The aim of this review is to compare the diagnostic accuracy of non-invasive techniques for melanoma detection in clinical setting. Included techniques can be used in combination with or as alternatives to dermoscopy.

Materials and Methods

This review of scientific literature followed the methodological guidelines contained in the PRISMA statement (14) for Diagnostic Accuracy Test (DTA) (PROSPERO protocol ID 184123 (15)). A systematic search of the available literature was performed using PubMed, Scopus, and Google scholar databases (time period included 2010-September 2020). The following search query was used: (“melanoma” OR “skin cancer”) AND (“diagnosis” OR “detection”) AND “non-invasive”. The PRISMA diagram outlining the literature review process is presented in Figure 1.

FIGURE 1

Figure 1. PRISMA diagram outlining the literature review process.

Inclusion Criteria

All studies that use non-invasive techniques alternative to dermoscopy, tested in-vivo on humans for melanoma diagnosis, were included with no restriction on age, sex, or ethnicity of the recruited population. The target condition was cutaneous melanoma. No limits on the number of lesions per patient or on the number of patients included in each study were applied. All types of studies were included except for reviews, case control studies and case reports studies. The diagnostic gold standard adopted as reference was histopathology and dermoscopic diagnosis was accepted as a replacement only for benign lesions. Only article written in English were included. The inclusion criteria were applied by AB and AC to the references based on their abstracts to screen their eligibility, while TB reviewed the selection process. Citations were grouped based on the physical principle employed and categorized according to type of non-invasive technique reported by the original study.

Methodological Analysis

For each included study, experimental design, index test, number of participants and total lesions, inclusion and exclusion criteria, participants' gender and age and reference standard(s) were independently extracted by AB and AC with disagreements solved with discussions. The studies' attributes were reported in Tables 1–3.

TABLE 1

Table 1. Studies attributes of the 40 included studies exploring optical based techniques for melanoma diagnosis.

TABLE 2

Table 2. Studies attributes of the 10 included studies exploring EIS based techniques for melanoma diagnosis.

TABLE 3

Table 3. Studies attributes of the 12 included studies exploring thermal based techniques for melanoma diagnosis.

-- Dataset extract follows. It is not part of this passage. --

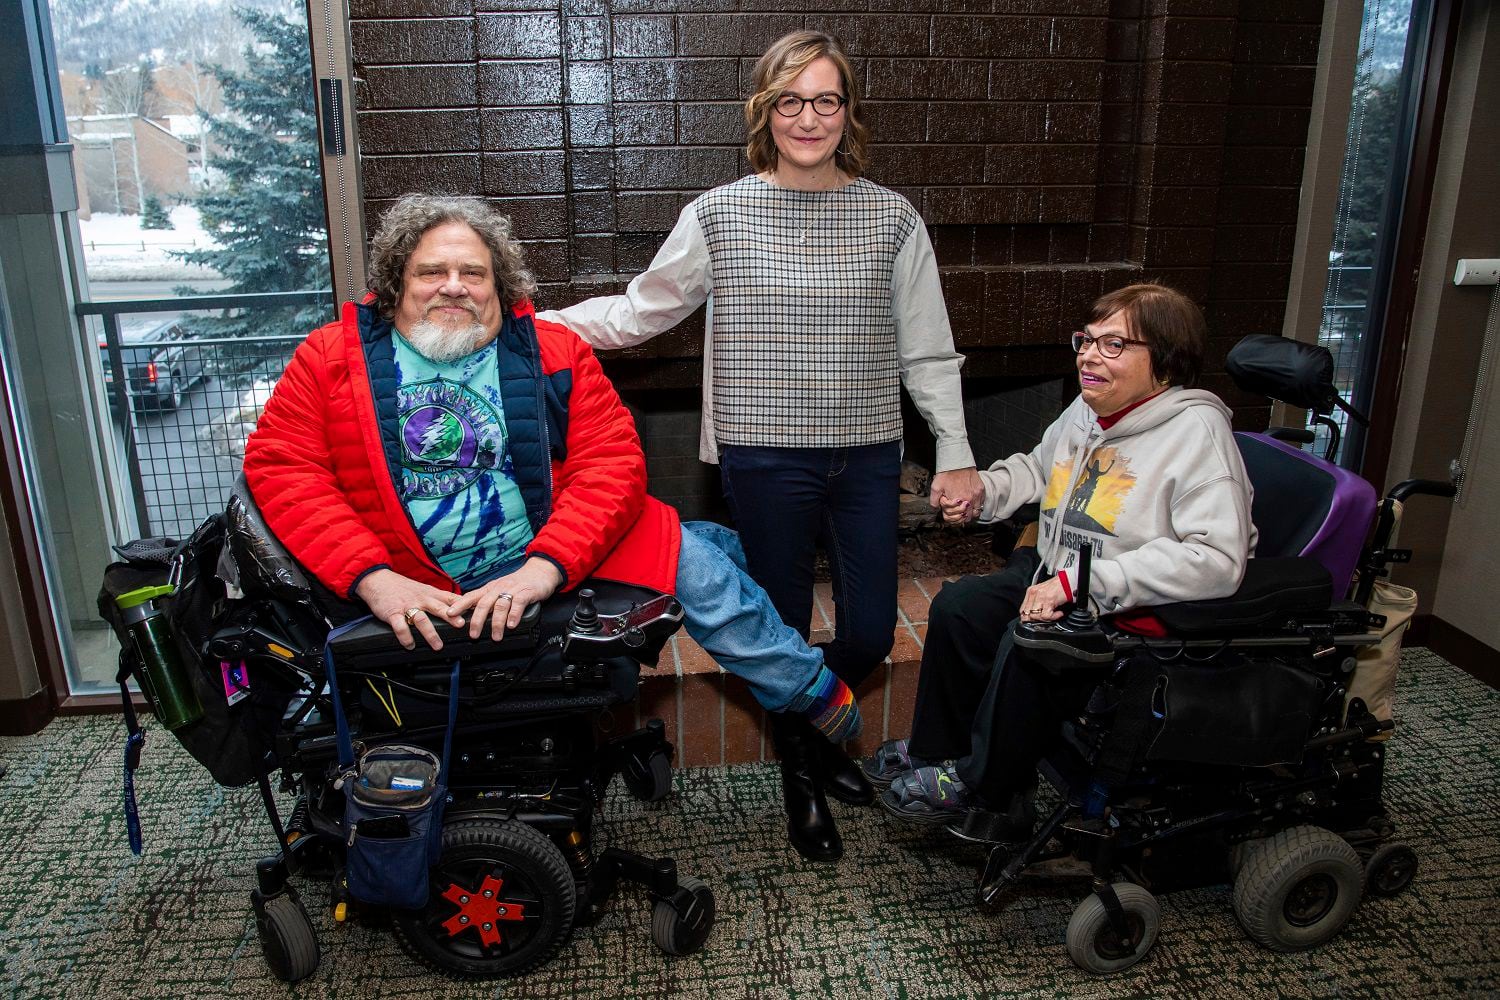 ARCHIVO - Jim LeBrecht, izquierda, y Nicole Newnham, codirectores del documental "Crip Camp", posan con la protagonista de su película, Judith Heumann, durante el Festival de Cine de Sundance el 24 de enero de 2020 en Park City, Utah. (Foto por Charles Sykes/Invision/AP, Archivo)

To provide a standardized measure of methodological quality of each study, i.e., evaluating criteria such as, the amount of data collected and the appropriateness of data analysis, the CASP Qualitative checklist (78) was employed (excluding point 10 as it is not applicable, Table 4). This checklist was used to compare the quality of the studies within techniques based on different physical principle. For those studies where the specific technique was implemented as a diagnostic tool (i.e., diagnostic results were compared to biopsy results) the assessment of the study's quality was carried on using also the QUADAS-2 tool (79), hence examining bias and applicability of the studies with respect to four separate domains: (i) patient selection, (ii) index test (i.e., diagnostic technique investigated in the study), (iii) reference standard (i.e., the ground truth technique used as reference), and (iv) the patient flow and timing in the study. For each QUADAS2 domain, any concern regarding bias and applicability were scored as “low,” “high,” or “unclear,” based on the information given by the authors in each publication. These results belonging to single studies using the same technique were merged together and were then presented in graphical form (Supplementary Figures 1B,C, 2B,C, 3B,C, 4B,C). Single studies results were presented in the same figures in a table form (Supplementary Figures 1A, 2A, 3A, 4A). Following QUADAS-2 tool guidance, any domain judged at high risk of bias made the whole study considered at high risk of bias. Risk of bias and a concern regarding applicability in patient selection was considered high when only pre-selected patients or patients with lesions with a high concern of melanoma were included in the study. The risk of bias in the index test was considered high in studies where the threshold was selected after the test and a high concern of applicability was considered for studies where the index test was analyzed without all the clinical information or visual examination. A high risk of bias in flow and timing was reported for studies where different reference standard were used. Correlational and feasibility studies were excluded from this analysis. Risk of bias assessment was independently performed by AB and AC, with disagreements solved with discussions.

TABLE 4

Table 4. CASP Checklist for each study included in this review: Yes (Y), Unclear (U), Can't tell (N/A).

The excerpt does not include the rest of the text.